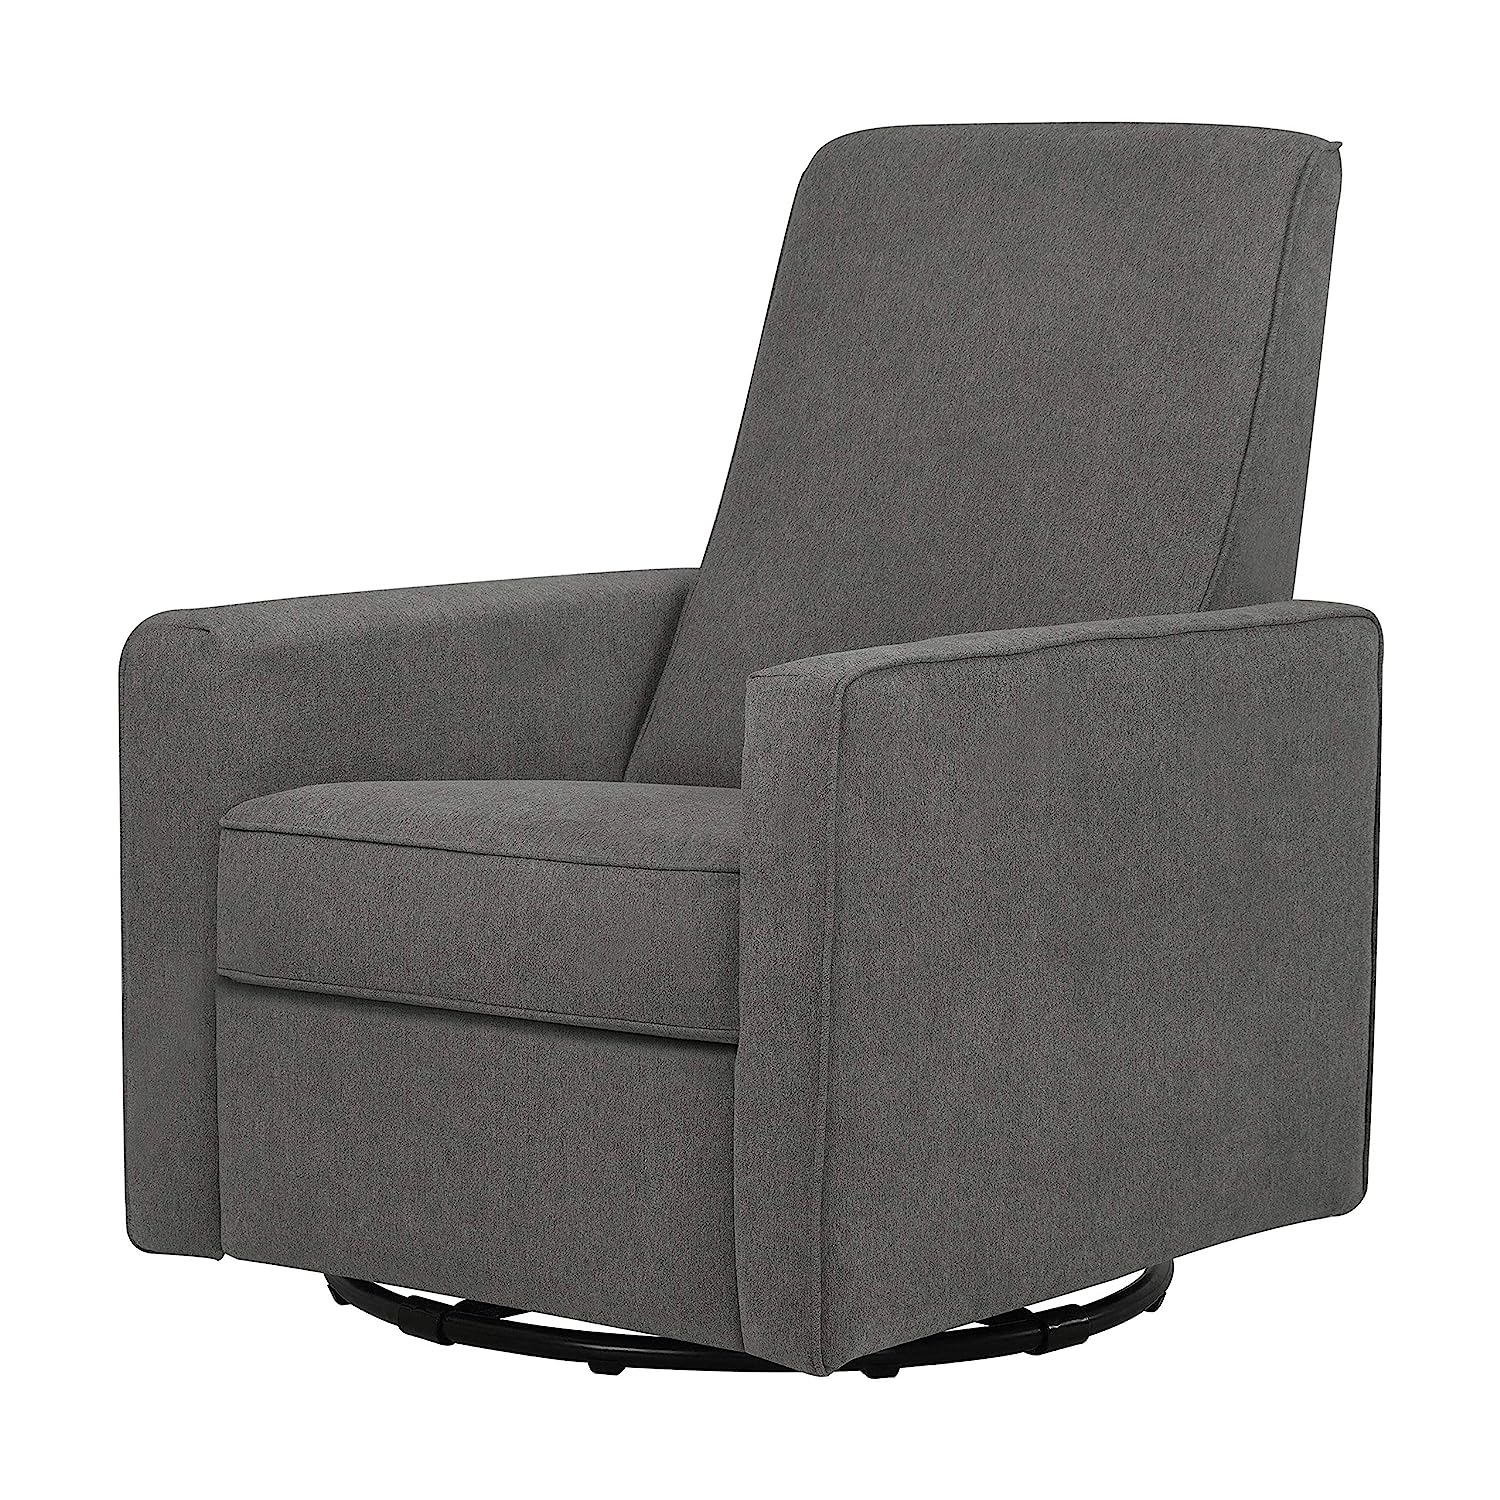 DaVinci Piper Upholstered Recliner and Swivel Glider [...]
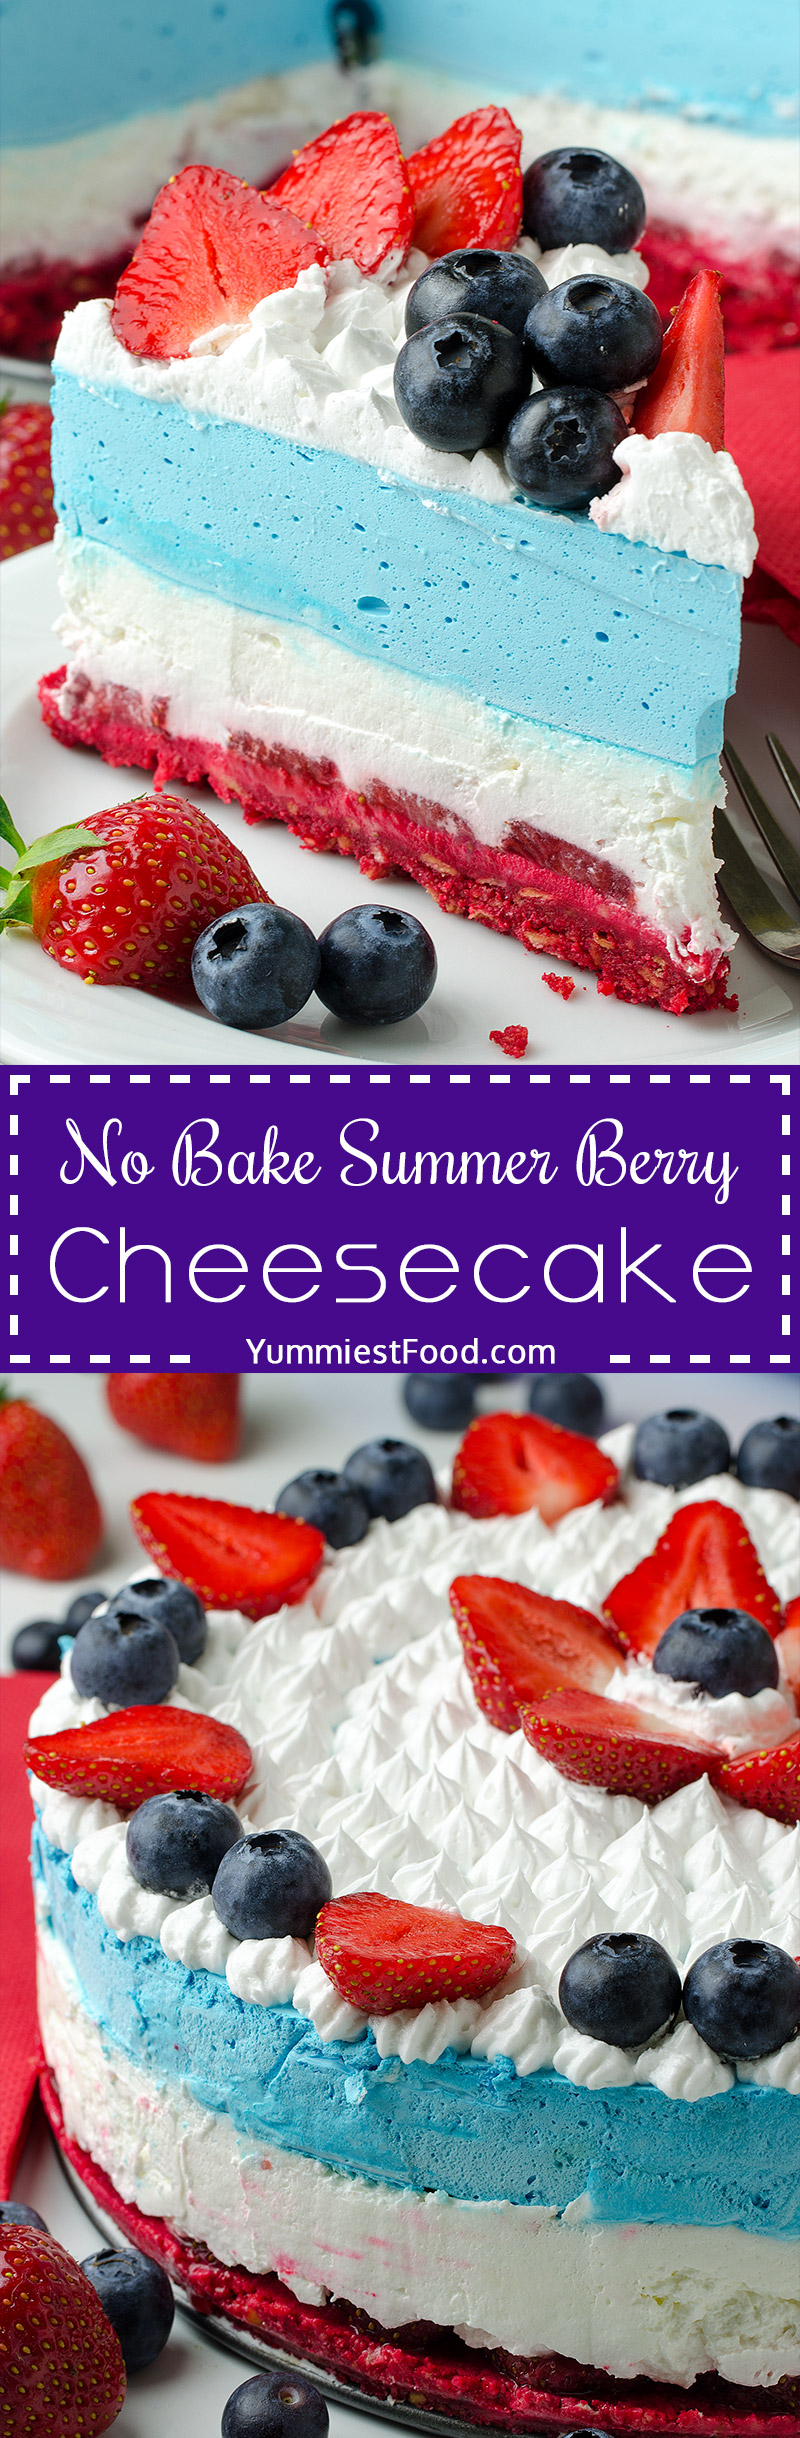 NO BAKE SUMMER BERRY CHEESECAKE - The red, white and blue cake layers make it an awesome 4th of July cake. It's simple, light and full of fresh summer berries.
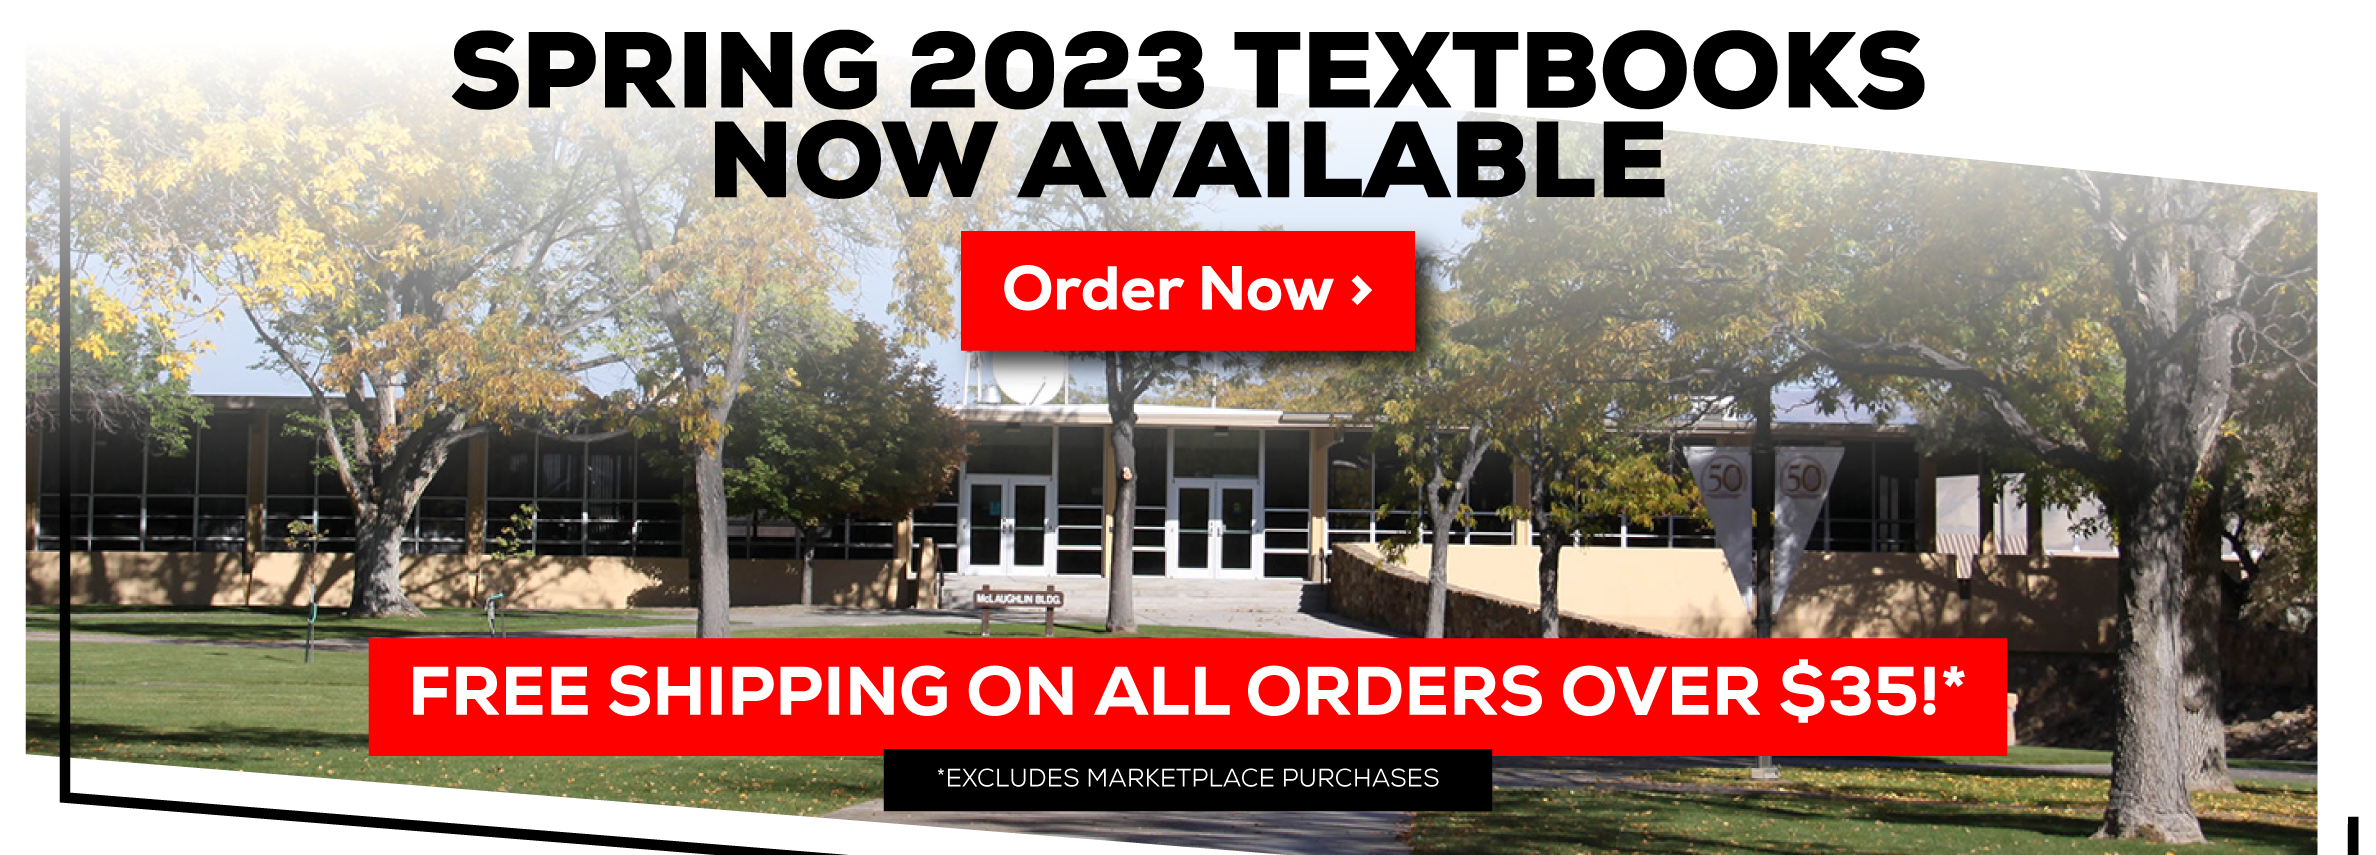 SPRING 2023 TEXTBOOKS NOW AVAILABLE Order Now > FREE SHIPPING ON ALL ORDERS OVER $35!* *EXCLUDES MARKETPLACE PURCHASES
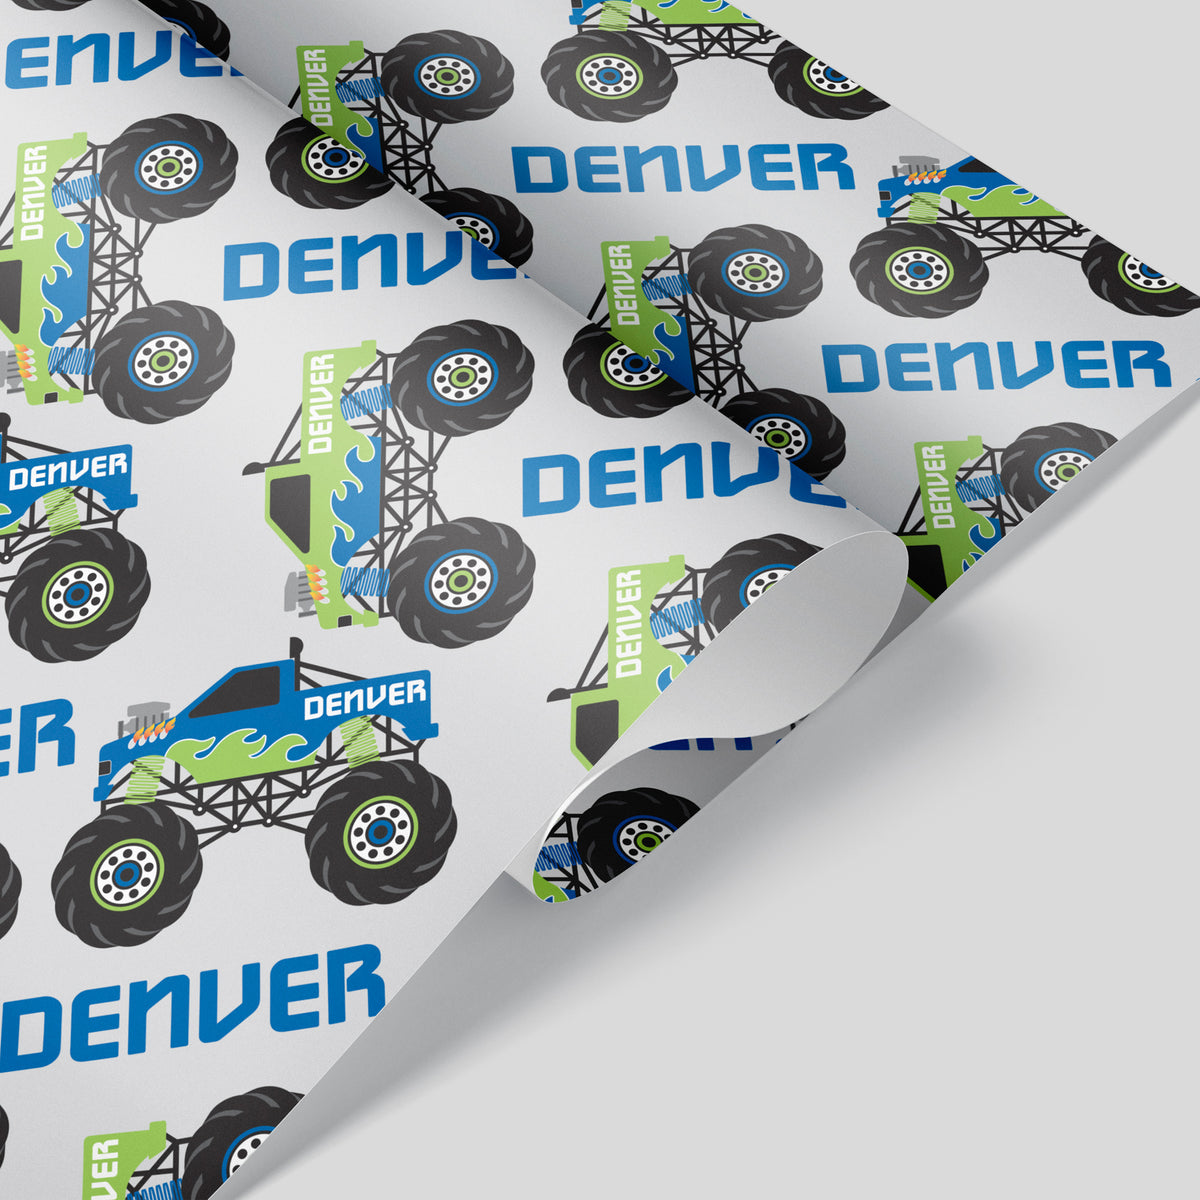 Monster Truck Name Wrapping Paper - GREEN/BLUE
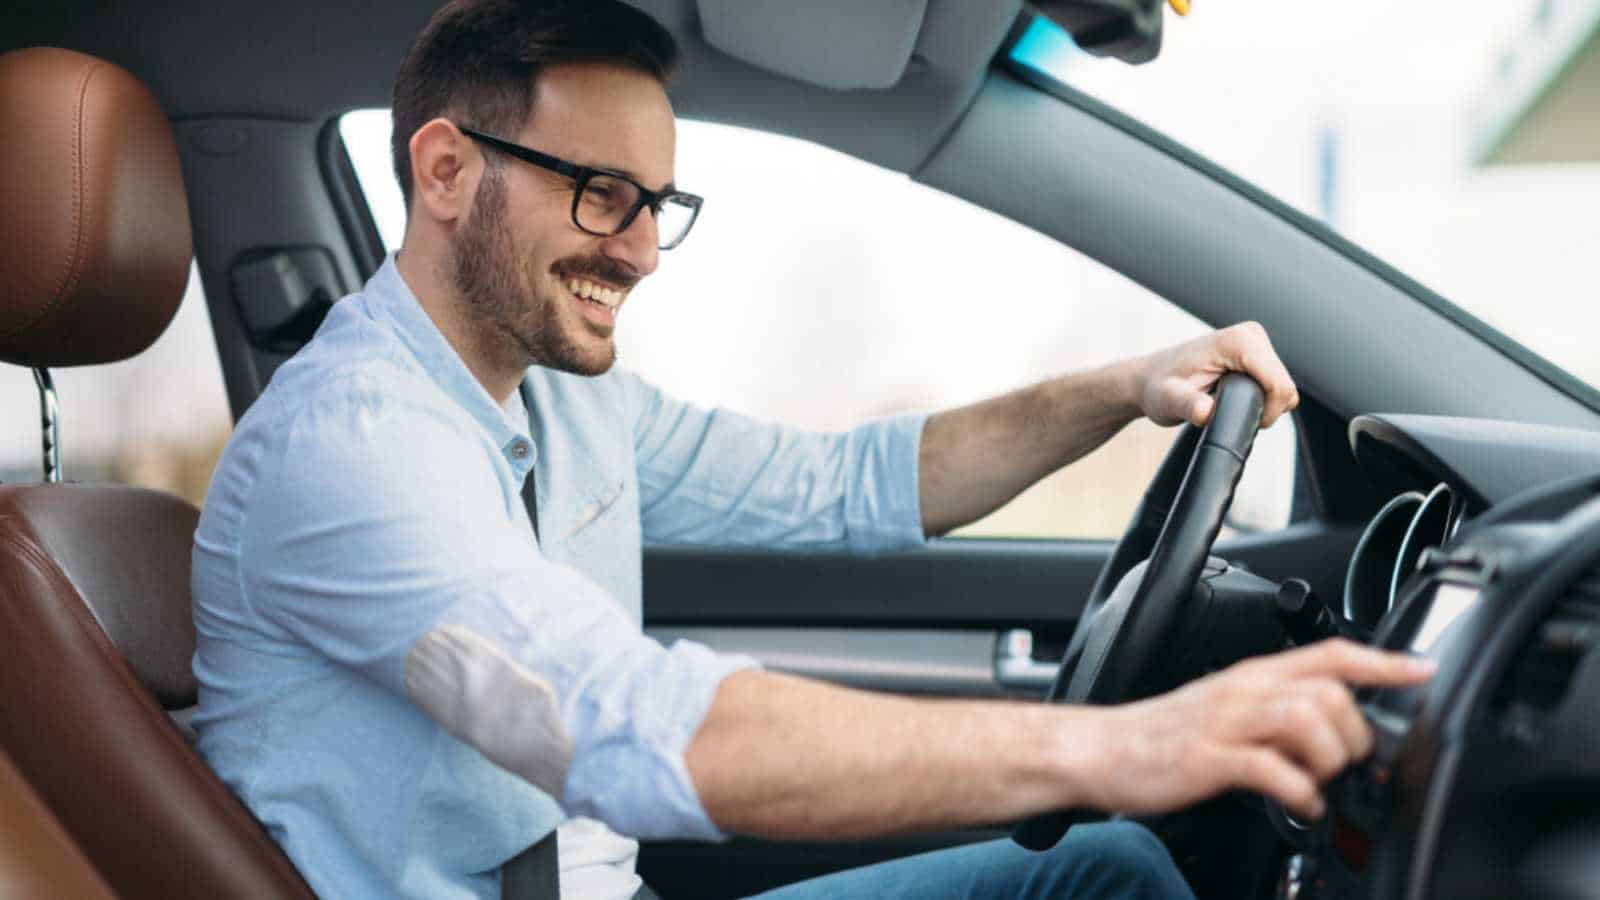 <p>Like your house, your car is another excellent place to hide money. Just don’t make the mistake of putting in your center console.</p><p>Instead, use these unique places to hide money from whomever you want</p><p><a href="https://www.moneysmartguides.com/best-places-to-hide-money-in-your-car">THE BEST PLACES TO HIDE MONEY IN YOUR CAR</a></p>

========================

> Task to complete
Starting at the first line of the records and stopping after the line with "Monster Truck Name", copy each line exactly; pictures stay out.

> Response box
 DaVinci Piper Upholstered Recliner and Swivel Glider [...]
 NO BAKE SUMMER BERRY CHEESECAKE - The red, white and blue cake layers make it an awesome 4th of July cake. It's simple, light and full of fresh summer berries.
 SPRING 2023 TEXTBOOKS NOW AVAILABLE Order Now > FREE SHIPPING ON ALL ORDERS OVER $35!* *EXCLUDES MARKETPLACE PURCHASES
 Monster Truck Name Wrapping Paper - GREEN/BLUE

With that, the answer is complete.